Decided to replace our old tandem.

We got it home yesterday after picking it up in Gargrave, so went straight out in the rain! Still smiling after climbing our closest hill at 13mph... it feels like cheating but I can live with that!


----------



## VJOCK (4 Sep 2020)

2004 thorn explorer. Youngest now goes out with me as the stoker. (He doesnt trust his





older brother) This was recent ride to local campsite during summer holiday. Previously we have had a weeride mounted at front for eldest ( who is now taller than me) and a chariot 2 kid trailer for the youngest strapped in a car seat strapped into said trailer at the back at the same time. That was hard work!! We also cycled it onto the ferry onroute to dublin with trailer and two kids in it. 10 miles the otherside in lashing irish rain was an experience not to be repeated too often.


----------



## HMS_Dave (4 Sep 2020)

VJOCK said:


> 2004 thorn explorer. Youngest now goes out with me as the stoker. (He doesnt trust his
> View attachment 545461
> 
> 
> older brother) This was recent ride to local campsite during summer holiday. Previously we have had a weeride mounted at front for eldest ( who is now taller than me) and a chariot 2 kid trailer for the youngest strapped in a car seat strapped into said trailer at the back at the same time. That was hard work!! We also cycled it onto the ferry onroute to dublin with trailer and two kids in it. 10 miles the otherside in lashing irish rain was an experience not to be repeated too often.

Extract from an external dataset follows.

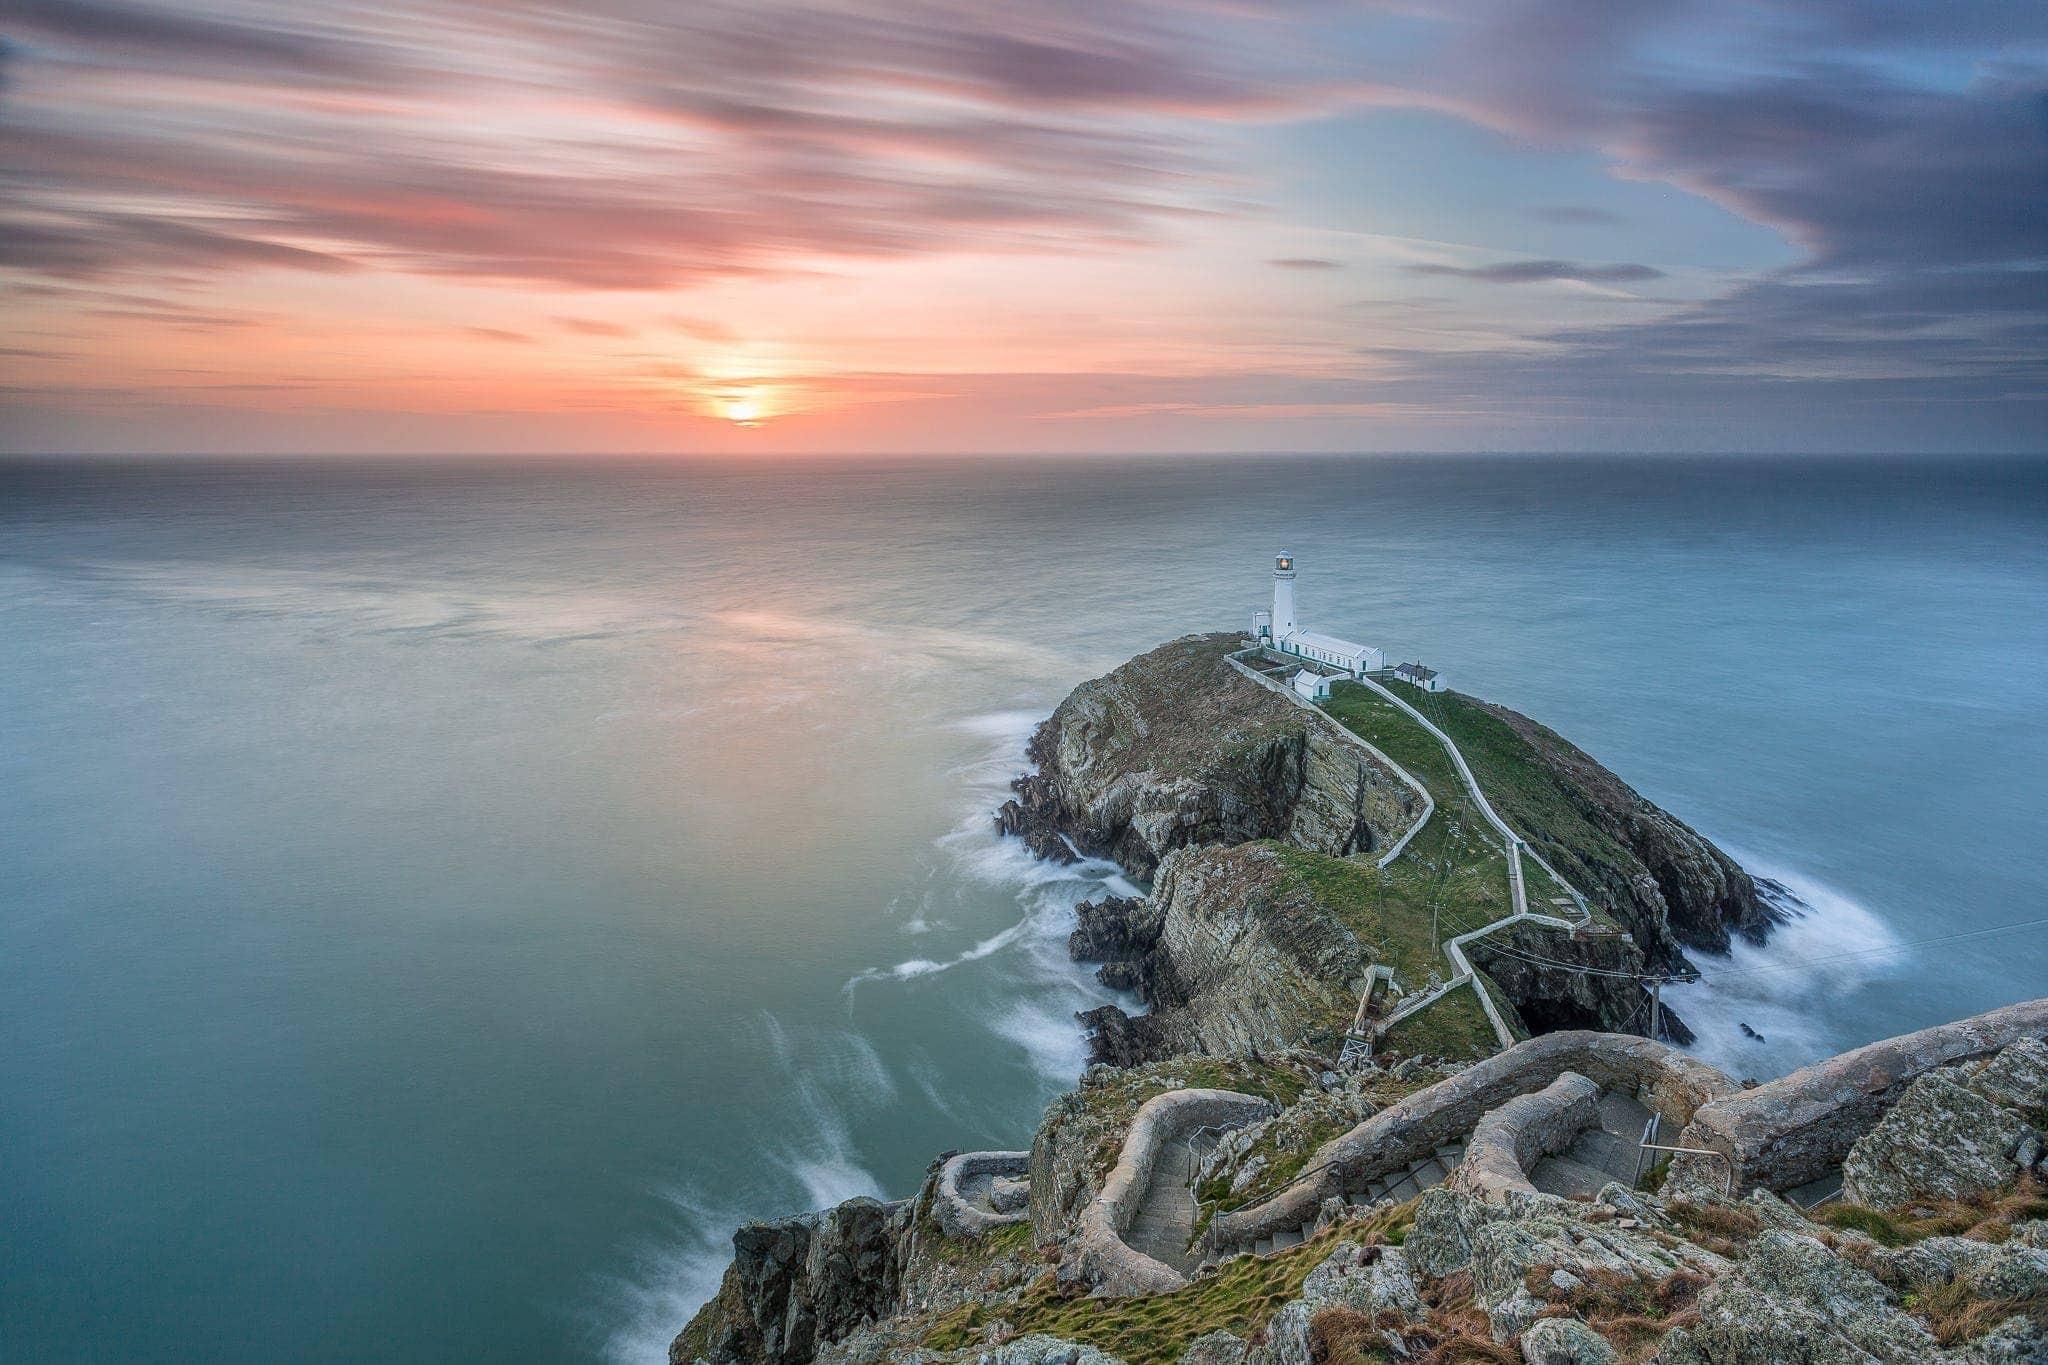 Francesco Gola Seascape Landscape Photography Uk Wales Galles Lighthouse South Stack Long Exposure

That's a bushy beard! How does he see where he is going?


----------



## Mark Grant (4 Sep 2020)

Dawes Galaxy Twin


----------



## VJOCK (4 Sep 2020)

HMS_Dave said:


> That's a bushy beard! How does he see where he is going?


He doesnt need to as the stoker😉


----------



## bagpuss (5 Sep 2020)

This is a Light speed we had years back .

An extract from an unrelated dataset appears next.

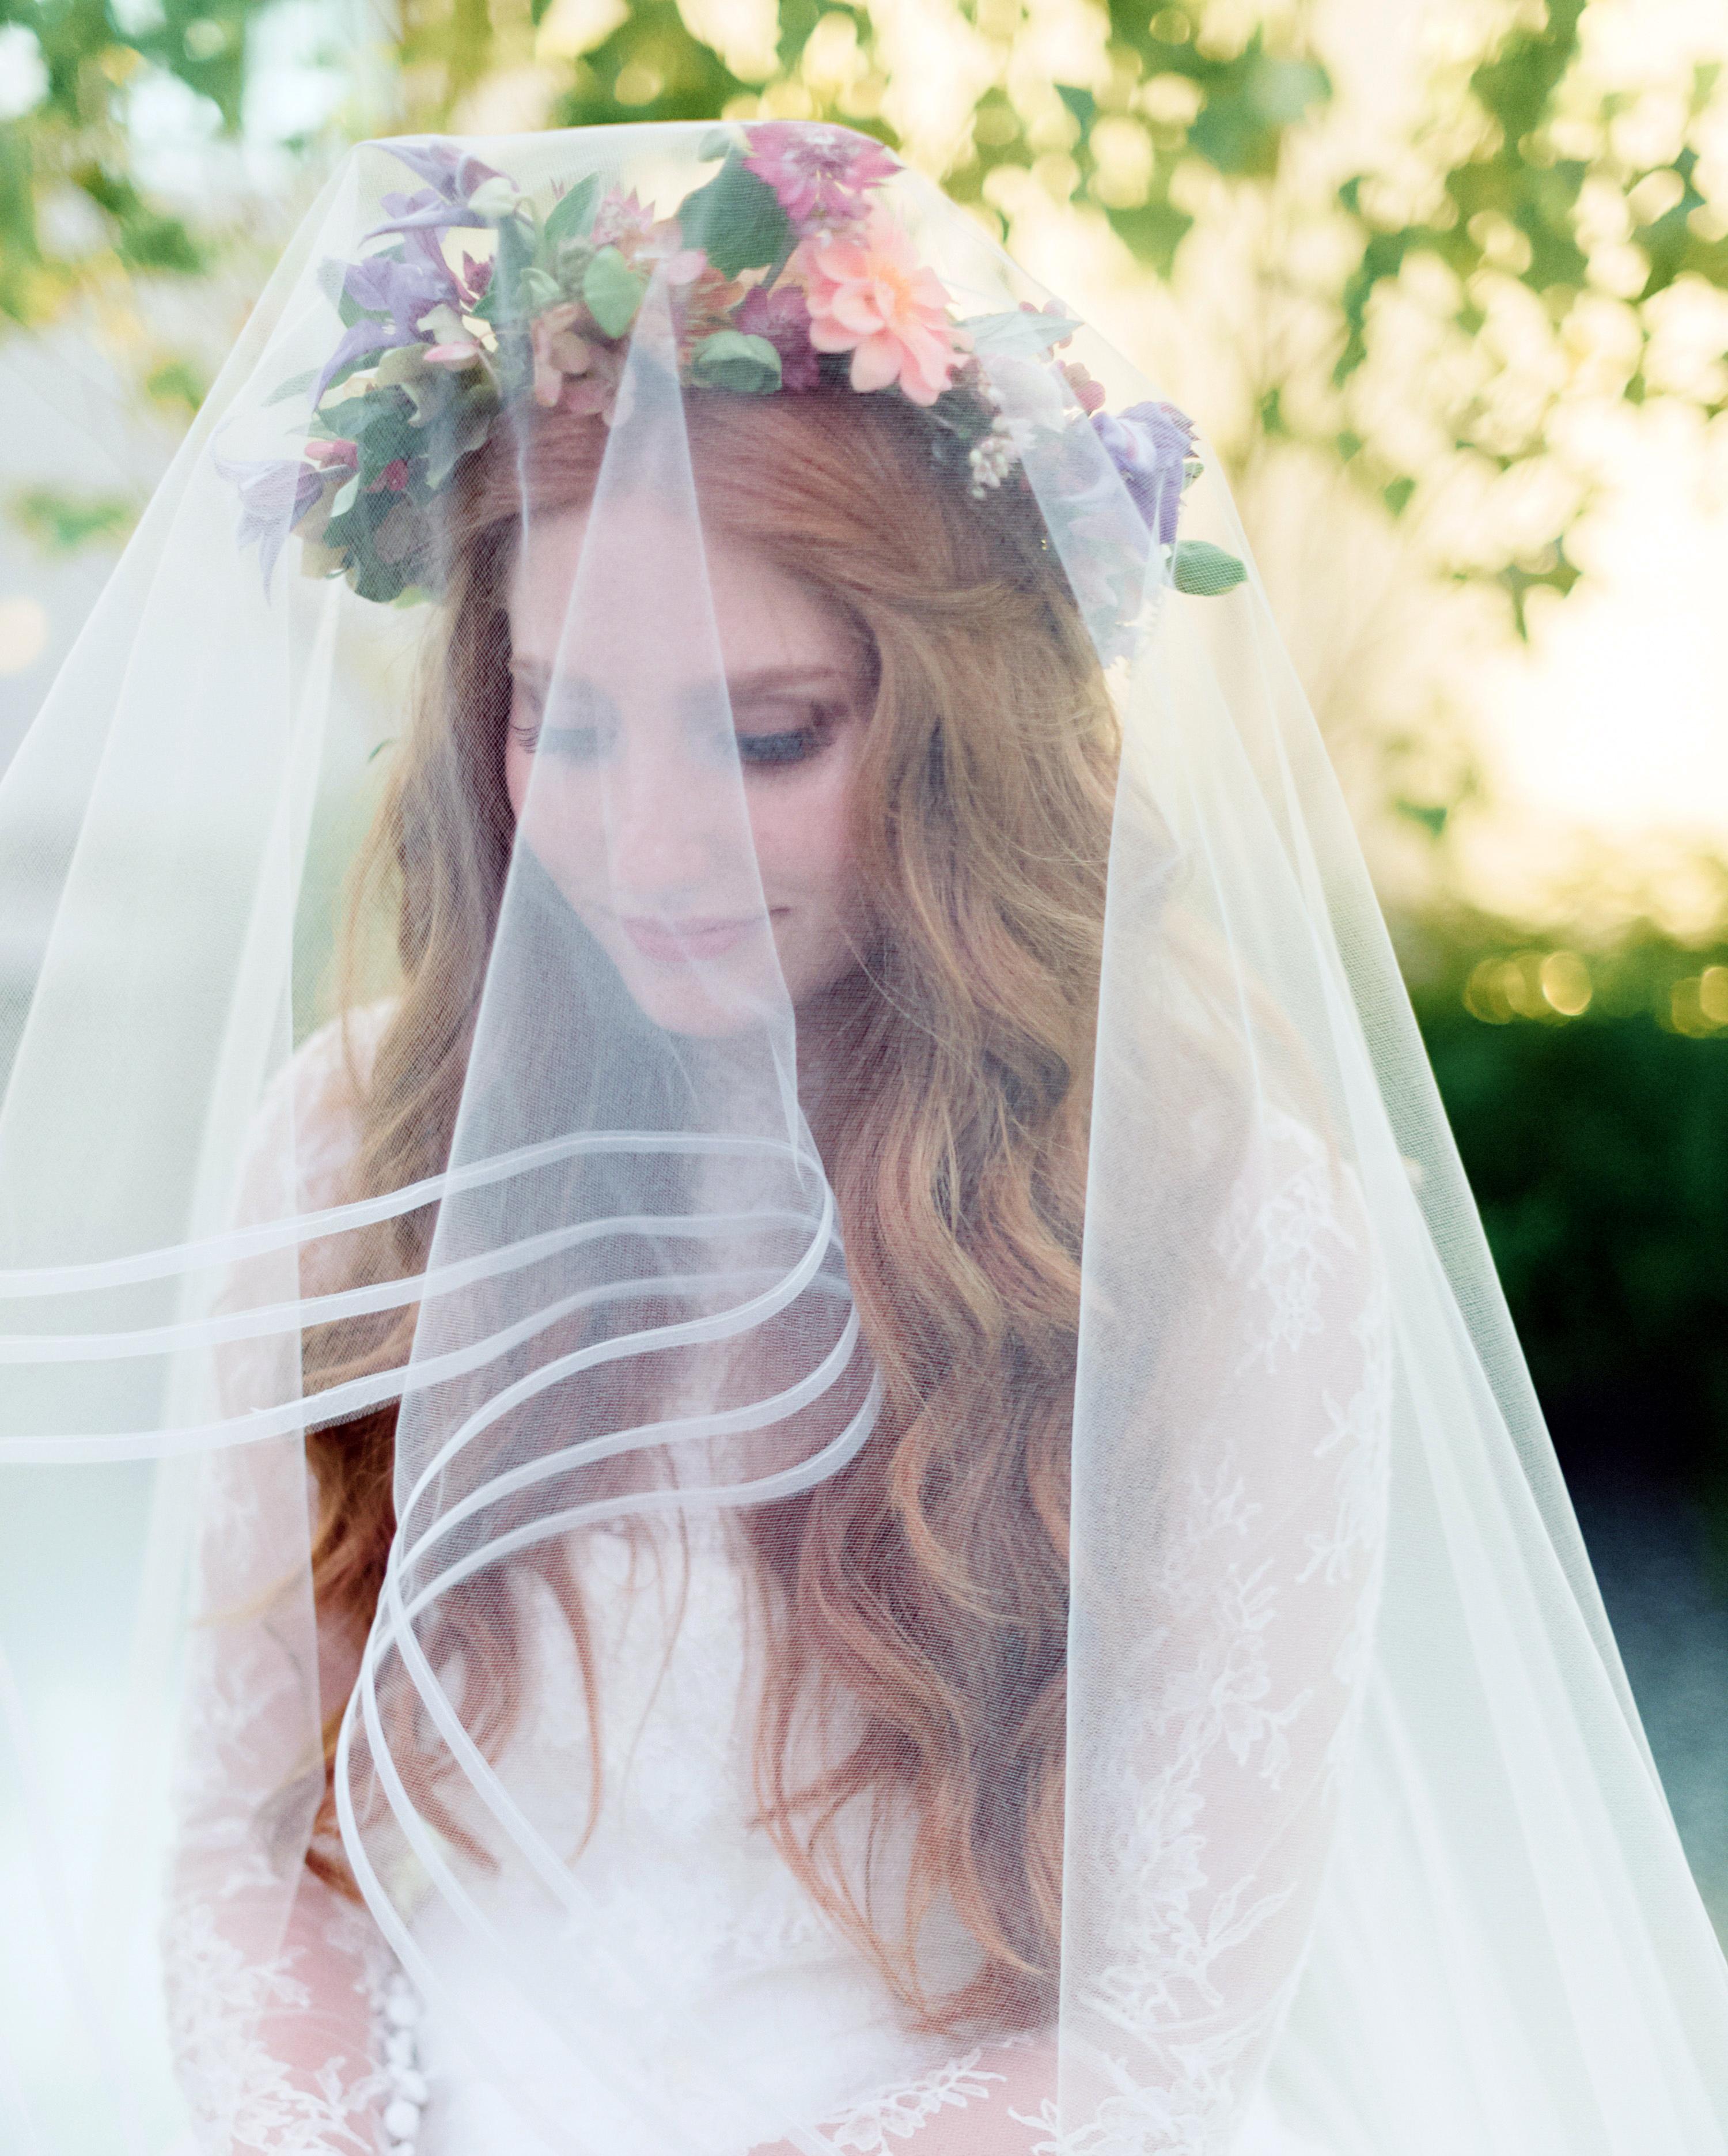 lilly-sean-wedding-veil-00319-s112089-0815.jpg

Light Tandem by rebalrid, on Flickr


----------



## bagpuss (5 Sep 2020)

and our daytime one



Paint it black. by rebalrid, on Flickr

last year we blew to dust off it . Needs dusting again!!

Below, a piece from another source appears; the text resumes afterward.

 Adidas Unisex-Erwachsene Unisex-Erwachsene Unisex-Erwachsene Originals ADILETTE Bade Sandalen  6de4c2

Blowing the dust off our tandem. by rebalrid, on Flickr


----------



## Sixmile (7 Nov 2020)

Our 'somewhere in between tandem and triplet' tandem, now with a Carry Freedom trailer behind for a visit to Asda


----------



## Aleman (27 Nov 2020)

Well here it is, probably the last of the Size 5 Thorn Raven Twin MK II's, we got it in early August this year (2020) in "Kit Form" or as Robin put it "A frame and a box of bits" ;D This was one of the close out "Sale" of the Mark II frames to clear space for the Mark III models, and as such were offered as a complete bike with a few additions above the standard at a considerable saving. As Robin didn't have the size 5 frame built into a bike, I was able to swap out components rather than just have the "standard spec", I also saved a little bit of money (in theory) by building it myself, but spent that on upgrading the Rohloff to the disc brake version






Now, don't give me grief about that dangling rear light wire it's just been placed to test out options for permanent placing, and to check I'd made the solder joints correctly  Or the front wire twisted round the fork! It is not going to stay that way

Of course, with lockdown, we've not been able to get away for any extended riding and have only managed 320 miles in total on the "nice" Sundays since building it up :'( It has performed faultlessly in those miles though, still tweaking bits and pieces ... Mainly stem height and my hand position.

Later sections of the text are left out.